Suzanne Jackson (b. 1944)
Painter, poet, set designer, gallery owner and dancer, Suzanne Jackson was born in 1944 in St. Louis, Missouri and raised in Fairbanks, Alaska. She has examined a variety of media and themes in her art throughout her career, but African and Native American symbolism have remained constant within her oeuvre.
Jackson attended San Francisco State College and Otis Art Institute, Los Angeles in 1967 where she studied drawing with Charles White. From 1968 to 1970 Jackson ran Gallery 32 in Los Angeles. Gallery 32 was inspired by Charles White’s philosophy that art could be an effective vehicle for community activism and social change and showcased art by emerging African American artists. In 1970, the gallery held the Sapphire Show, the first Los Angeles survey of African American women artists.
As an educator, Jackson taught classes at the Watts Towers Art Center in Los Angeles from 1967-68. She served as chair of the department of fine and performing arts at the Eliott-Pope Preparatory School, Idyllwild, CA from 1982-1985, was an assistant professor in the department of dramatic arts at St.

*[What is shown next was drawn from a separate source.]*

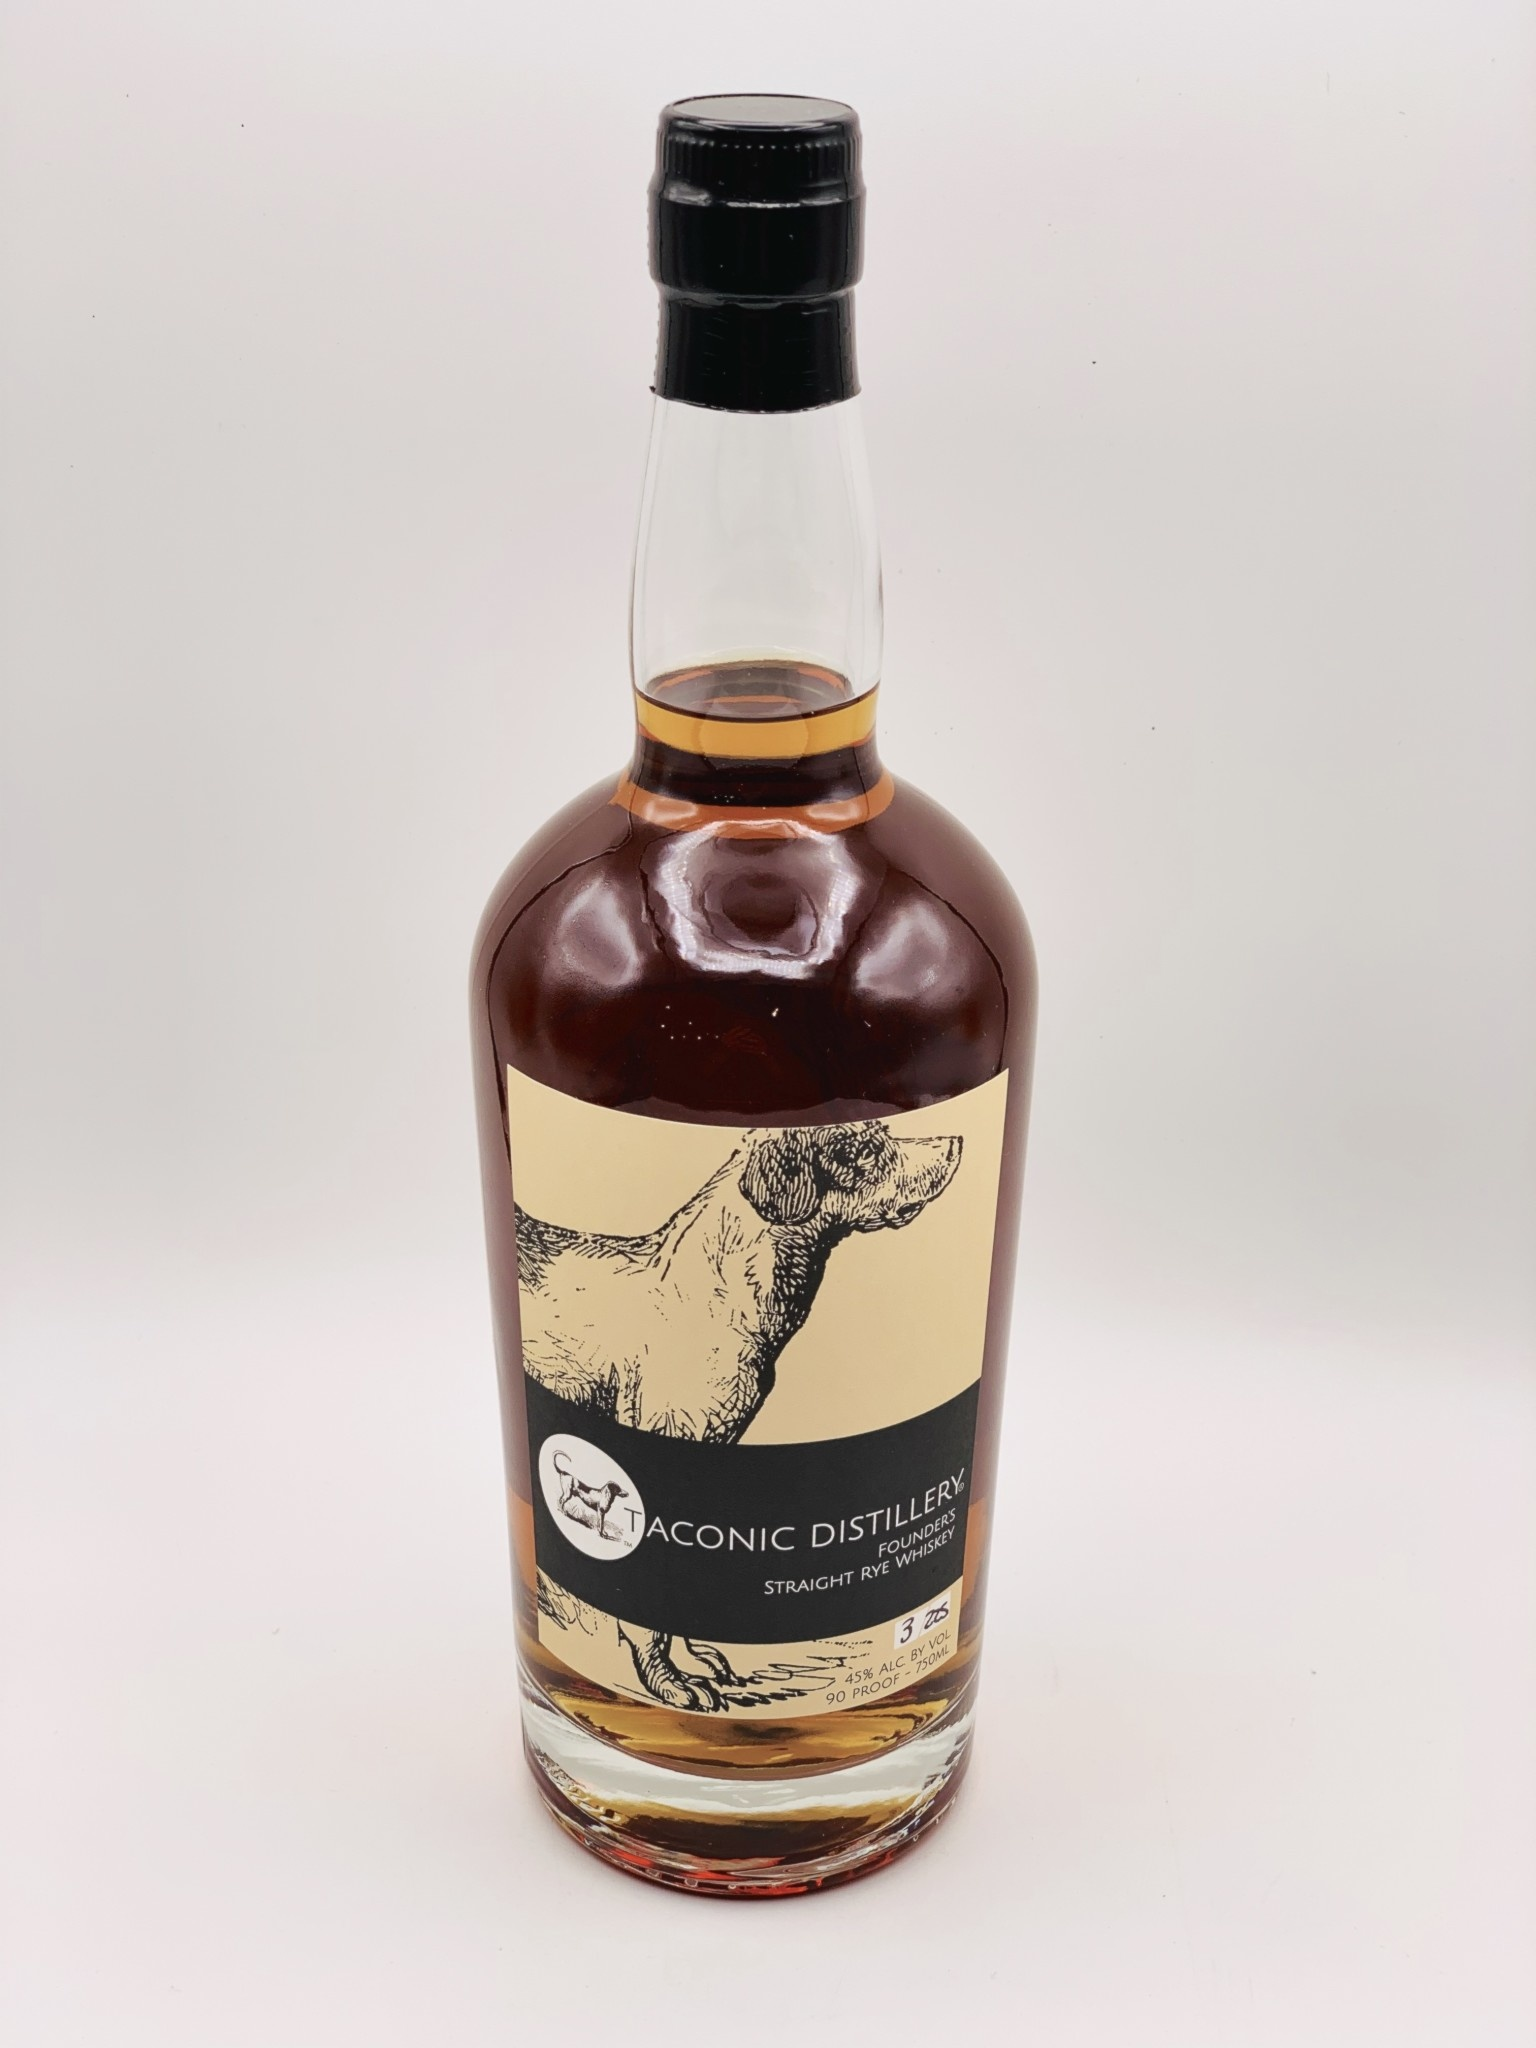 Taconic Distillery Straight Rye Whiskey  (90 proof) 750ml
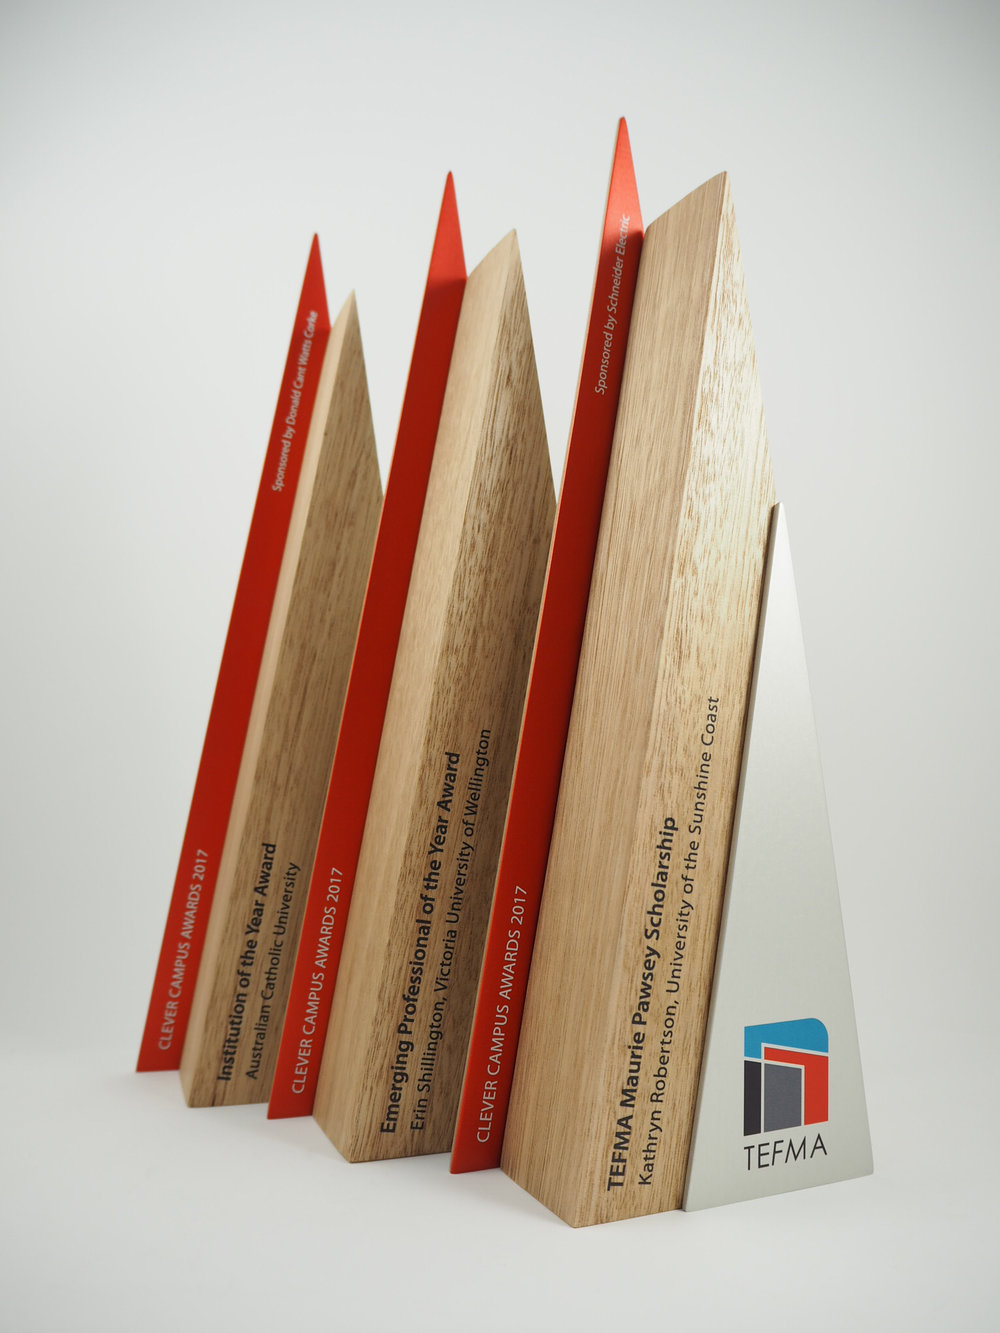 tefma-awards-timber-eco-aluminium-trophy-01.jpg

Mary’s College of Maryland from 1994-1996, and was a professor of art and design at the Savannah College of Art and Design from 1996 until her retirement in 2011.
Jackson has had several solo exhibitions at Ankrum Gallery, Los Angeles, CA in the seventies and exhibited extensively throughout her career in group exhibitions including:
Two Generations of Black Artists, California State University, Los Angeles, CA, 1970
Blacks: USA: 1973; New York Cultural Center, NY, 1973
West Coast 74: The Black Image, 1974
Directions in Afro-American Art, Cornell University, Ithaca, NY
California Black Artists, Studio Museum in Harlem, NY, 1977
Contextures, Just Above Midtown Gallery, NY, 1978
19 Sixties: A Cultural Awakening Re-Evaluated, 1965-1975, California African American Museum, 1989
Now Dig This! Art & Black Los Angeles 1960-1980, Hammer Museum, CA, 2011.